As a second step, you would look at timing details of the specific hardware you are targeting. This information may or may not be documented by the hardware vendor, and even if it is documented, it may be inaccurate. Take the time to dig a little deeper. If you really can't find anything, don't shy away from making experiments to infer relative latencies and throughputs of important functionality. It will pay off later, for a simple reason: low performance can make some functionality effectively unavailable for code tuning.
I feel I must repeat this for emphasis: low performance can make some functionality effectively unavailable for code tuning. This may seem exaggerated or trivial, but do not forget that we vectorize code for the overall goal of optimal efficiency. If there is some semantically neat feature that does not bring us closer to that goal, we are better off pretending it does not exist. A fellow code tuner calls such features "performance trojan horses". This is the mindset you need here: do not accept everything only because it is a gift.
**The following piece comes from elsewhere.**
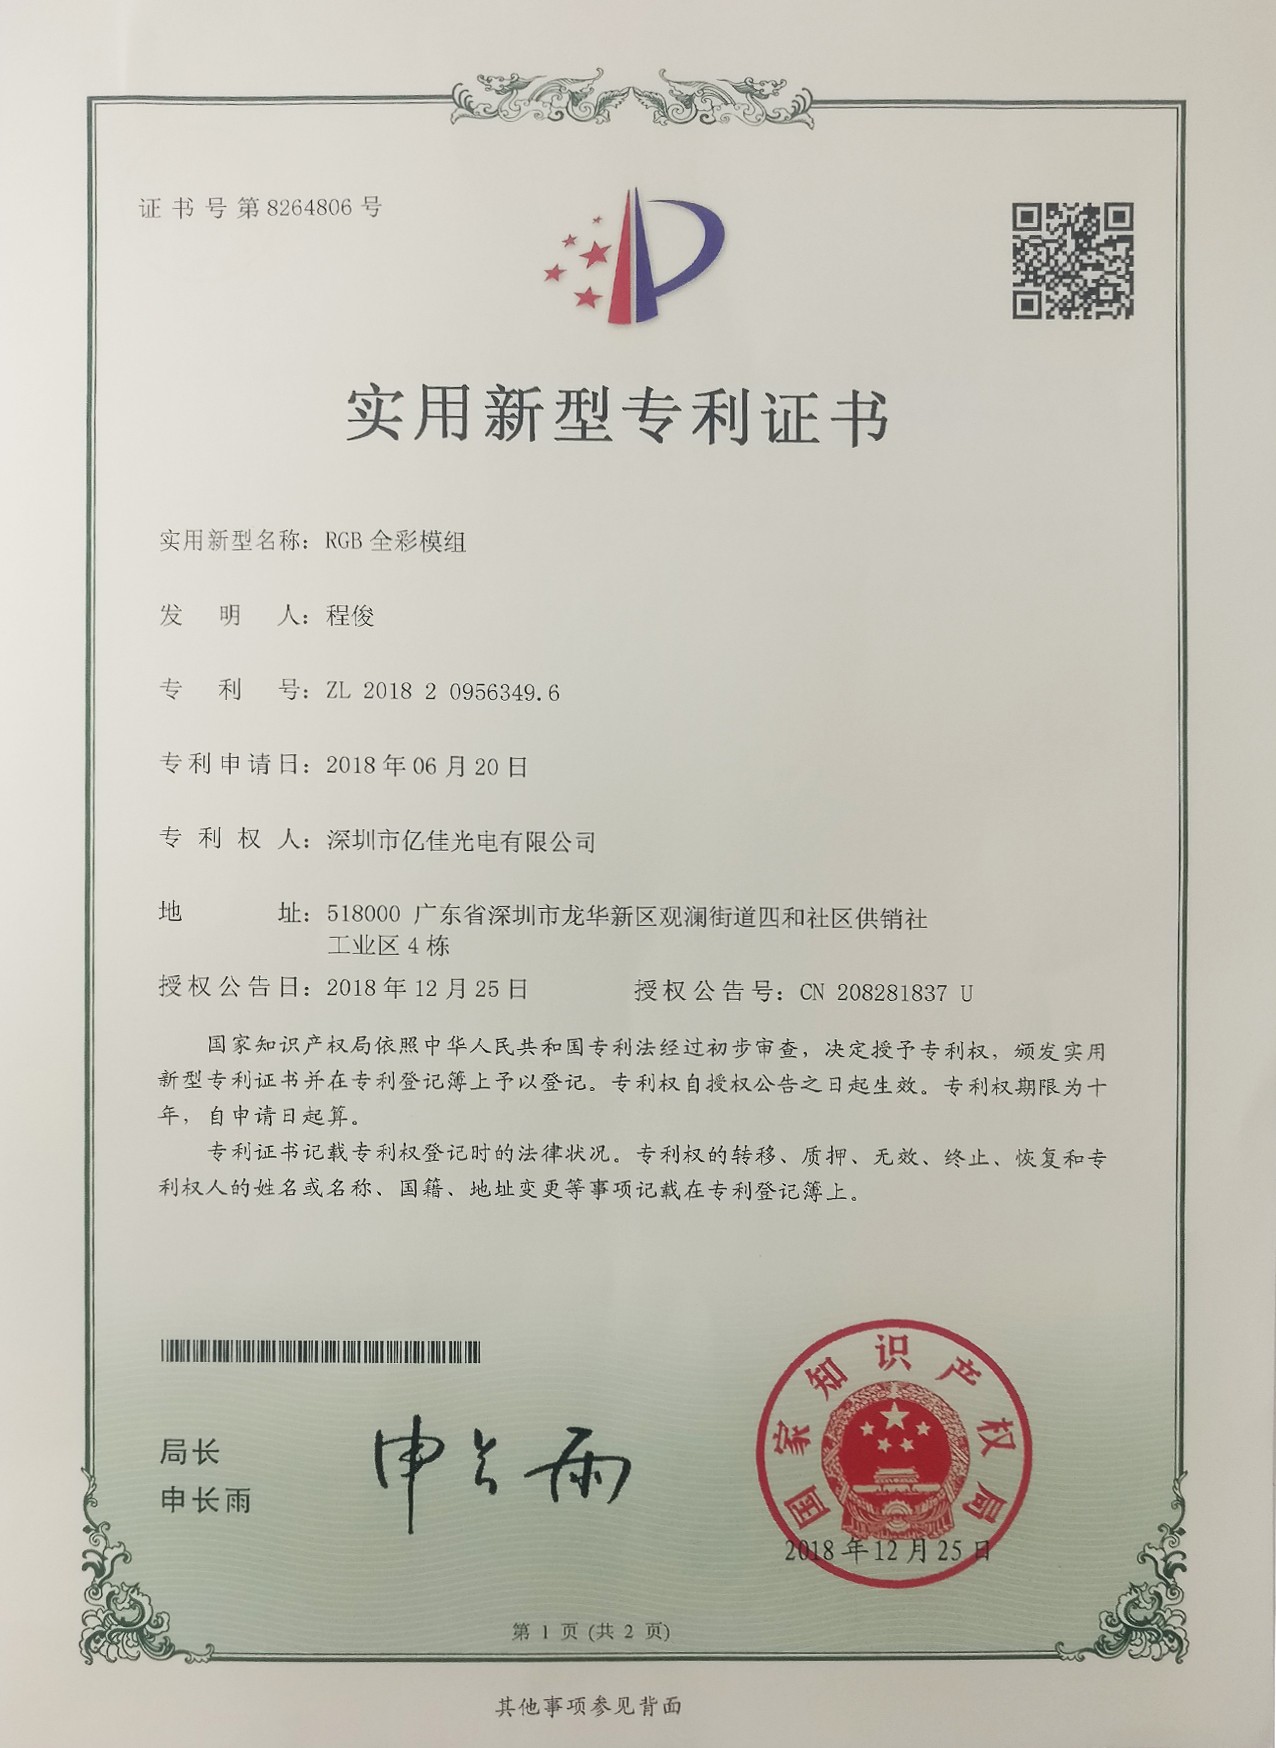 On December 25, 2018, our company obtained two utility model patents.

In the context of SIMD programming, high throughput usually trumps low latency. That's because data sets are large (as established as one of the fundamental requirements for effective massively data parallel programming). Latency still matters, but chances are that you have an easy time covering it with other useful work. Consequently, throughput tends to be the more suitable of the two basic performance metrics. Start from there, until you have other experience to go by.
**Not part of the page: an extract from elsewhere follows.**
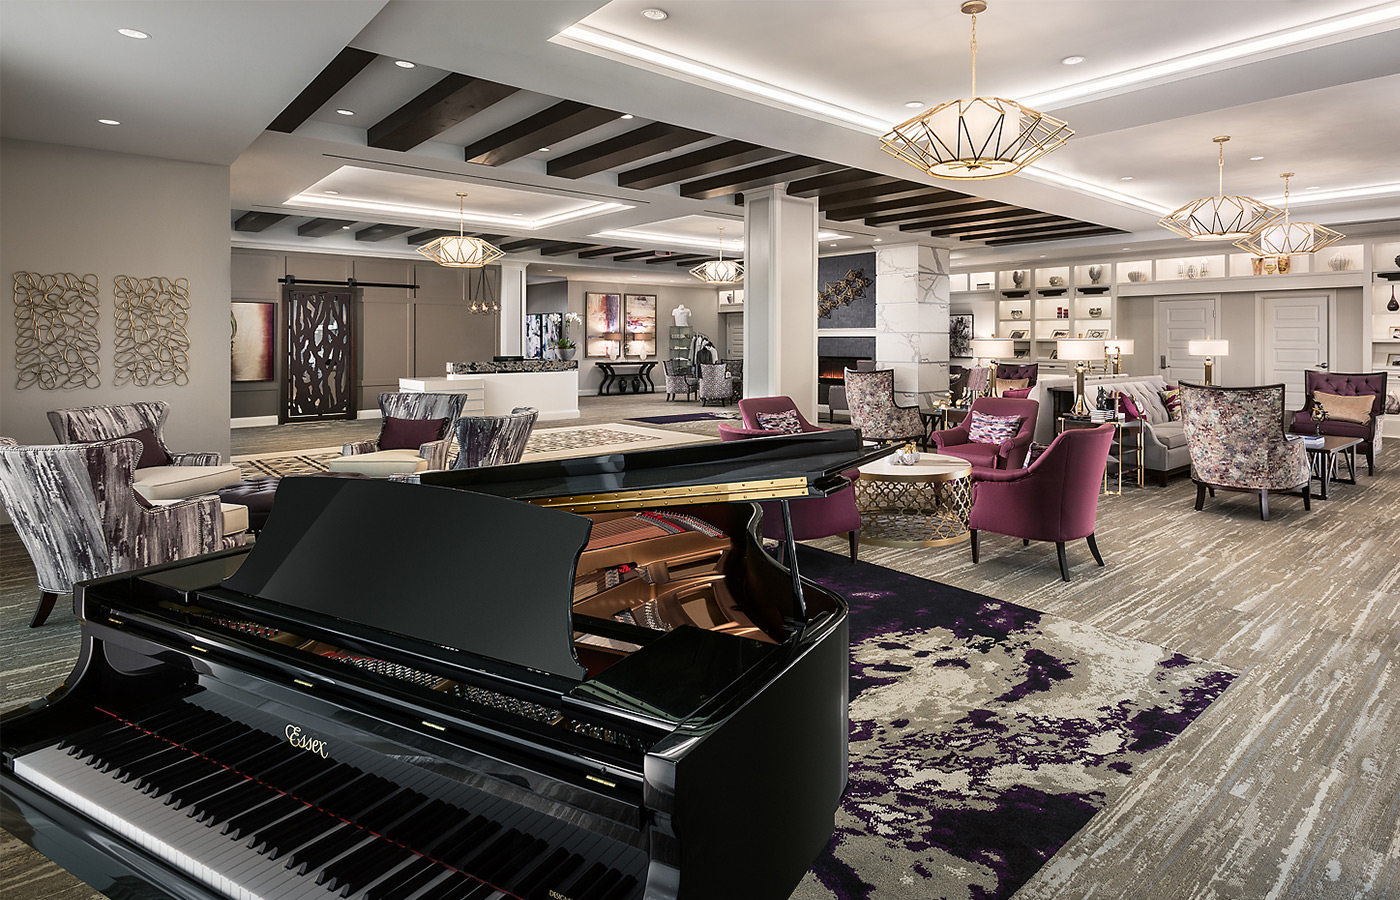 Seating lounge area with a black baby grand piano.

So in this second step, you should make another pass over the list of goodies, baddies, and weirdness, and adjust it accordingly. Some goodies might have to be cautioned, some even might have to be pruned. Some baddies might not be so bad after all, and some of the weirdness might clear itself up. In the ideal case, you should now have a coarse mental model of the machine that allows you to make forecasts with some accuracy: how easy or hard it might be to program for certain functionality, and where performance bottlenecks are likely to show up under a given set of conditions.